Mario Santoro Jr.: Meu pai era um economista, contador e professor de contabilidade e minha mãe ocupava-se do gerenciamento de nossa casa. Não havia médicos na família, apenas a verdadeira admiração pela profissão médica, sobretudo por um médico, dr. Teodoro Lerner, que era clínico geral com larga clientela não só no nosso bairro, o Bom Retiro, mas em toda São Paulo, na época uma cidade bastante provinciana. A admiração por esse médico era de todos que o conheceram ou foram seus clientes, e sua história mereceria uma crônica especial. Dr. Lerner, além de amigo de nossa família, era compadre dos meus pais e residíamos muito próximos. Tinham um filho e uma filha, e posso dizer que crescemos juntos. Aos poucos, fui admirando a vida do dr. Lerner, sua forma de trabalhar e fui me apaixonando pelo modo de ele atuar como médico, e assim nasceu o desejo de vir a ser igual a ele. No Curso Científico, que era o Ensino Médio da época, cogitei em vir a ser engenheiro, pois a matemática e a física me fascinavam. Mas a ideia de ser médico falou de forma mais potente. No quarto ano de Medicina, tive contato com a Pediatria e com o professor titular dela, Paulo de Barros França, que voltara dos Estados Unidos onde se capacitara. Novamente imensa admiração pela maneira como atuava e também pela descoberta de uma especialidade que não se limitava a um órgão ou a um único sistema orgânico, mas que era, em essência, toda Medicina agora voltada para um largo período da vida. Não tive dúvidas que era o que queria fazer. Esses dois médicos, Lerner e França, são os responsáveis pelas minhas escolhas profissionais. Aliás, ambos não tiveram o reconhecimento histórico como deveriam: um porque, muito antes de se falar em estratégia da família, fazia a verdadeira Saúde da Família e o outro por ter sido um dos maiores pediatras deste País.

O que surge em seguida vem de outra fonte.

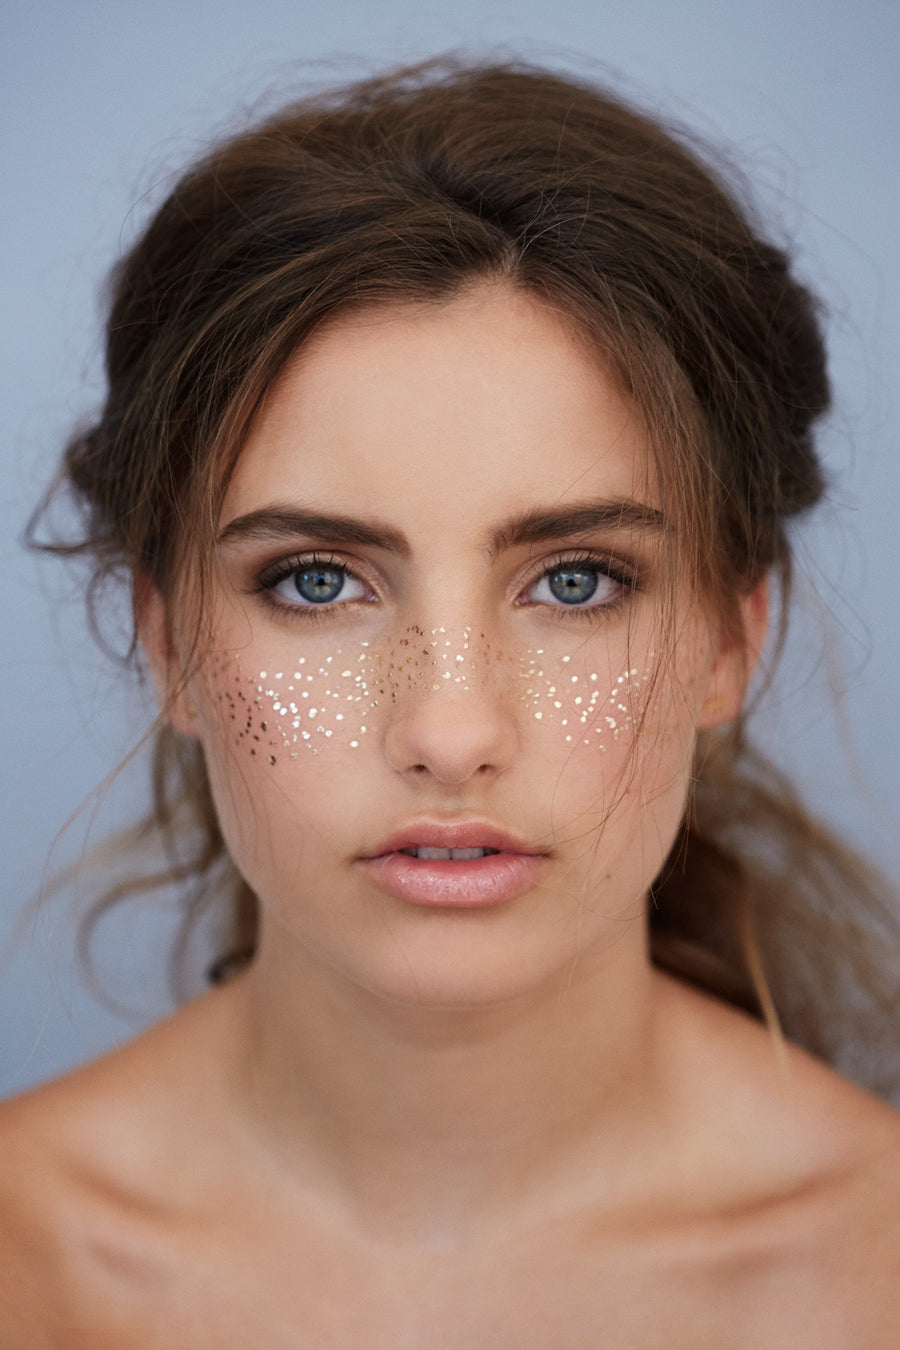 BeautyMarks "The New Makeup" - Freckles
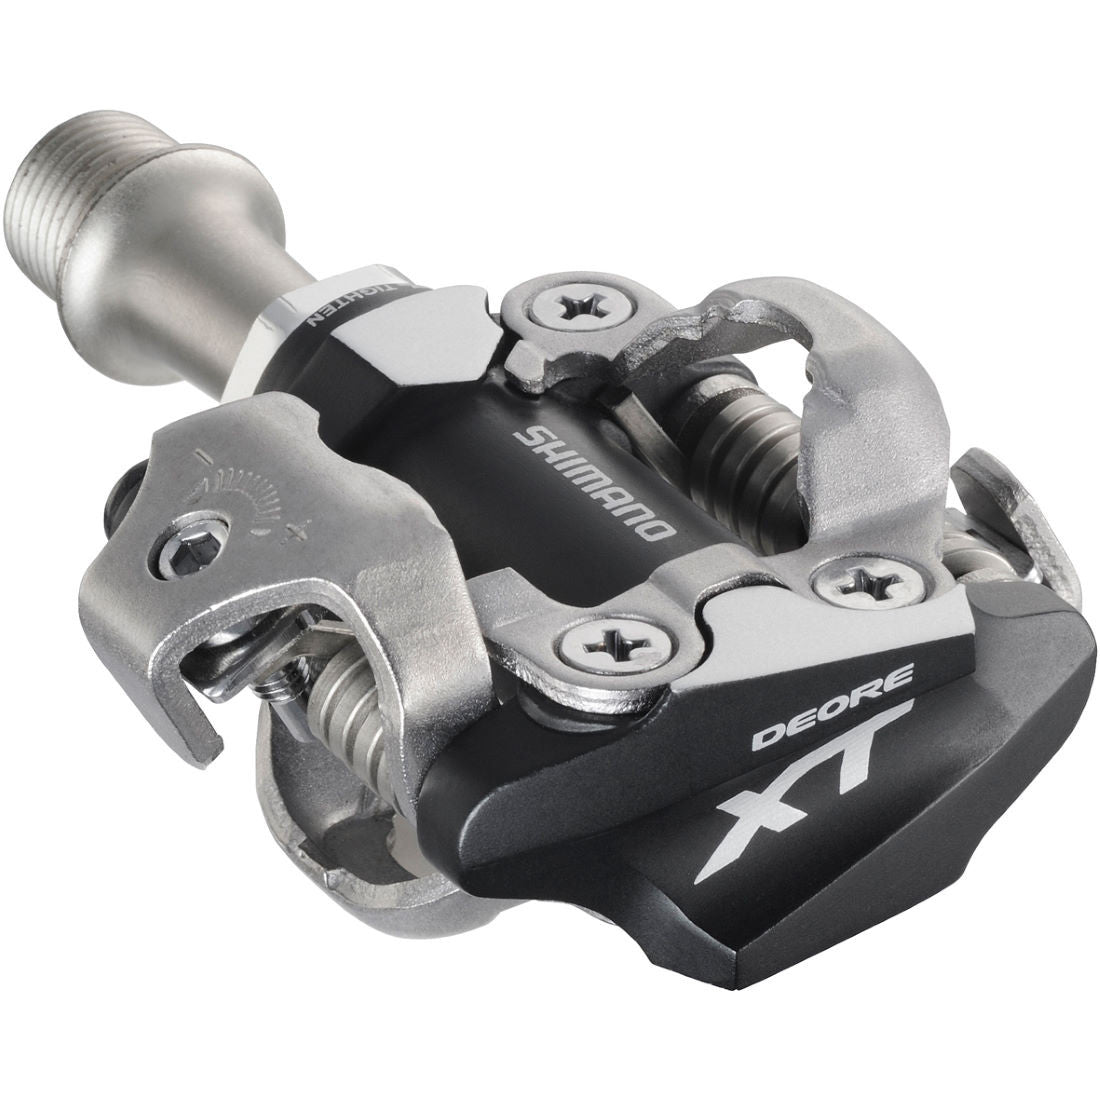 Shimano Deore XT PD-M8000 SPD Mountain Pedals

ABP: O senhor foi da primeira turma da Santa Casa de Misericórdia de São Paulo, da FAC. Como foi essa experiência, pois foi uma novidade tanto para vocês, alunos, quanto para muito dos professores?
Mario Santoro Jr.: Realmente fui e tenho muita honra de pertencer à Primeira Turma da FCMSC. Quando fiz o meu primeiro vestibular no ano de 1962 haviam poucas Escolas Médicas no Brasil. Em São Paulo apenas três: FMUSP, EPM, hoje UNIFESP, e PUC, em Sorocaba. Nesse ano, fiquei o sétimo excedente na FMUSP. Voltei a fazer o Curso Brigadeiro e, no ano seguinte, entrei na Faculdade de Campinas, hoje Unicamp, e também em quinto lugar na FCMSC. Realmente, fomos pioneiros na recém-criada Escola. Lembro-me bem da dificuldade em chegar cadáveres para estudos de Anatomia, bem como o constrangimento do prof. Aidar em ter que suspender as aulas de anatomia devido a este fato. Muitas foram as dificuldades iniciais, mas que graças à tenacidade de um grupo de professores, liderados pelo grande cirurgião prof. Emílio Athié, empenhados em construir uma das melhores escolas médicas do País, foram sendo superadas e o desiderato atingido com muita galhardia. Na verdade, muitos professores tinham experiência grande de ensino, pois a Santa Casa foi por muitos anos o Hospital Escola da FMUSP até sua mudança para Pinheiros e também foi Hospital Escola da Escola Paulista de Medicina hoje UNIFESP. Uma das grandes características da Santa Casa era a importância que dava à propedêutica médica, sendo que muitos dos sinais clínicos amplamente utilizados para avaliação clínica tem nomes de grandes médicos que lá atuaram. Um dos grandes diferenciais dessa nova Escola era colocar os alunos já desde o primeiro ano em contato com os pacientes. Nessa fase, aprendíamos condutas adequadas para com eles, o respeito que mereciam e nossa gratidão por emprestarem seus corpos para praticarmos os procedimentos que nos ensinavam. Como alunos, fomos protagonistas de muitas iniciativas, como termos fundado o Centro Acadêmico Manuel de Abreu (CAMA), Atlética, o nosso bar, denominado a TOCA, a experiência da disciplina consciente onde deveríamos pagar o que consumíamos sem necessidade de alguém cobrar – claro a experiência foi frustrada... e tantas outras iniciativas que tivemos, como desde muito cedo organizarmos a viagem em grupo – dois ônibus – para visitarmos a Europa.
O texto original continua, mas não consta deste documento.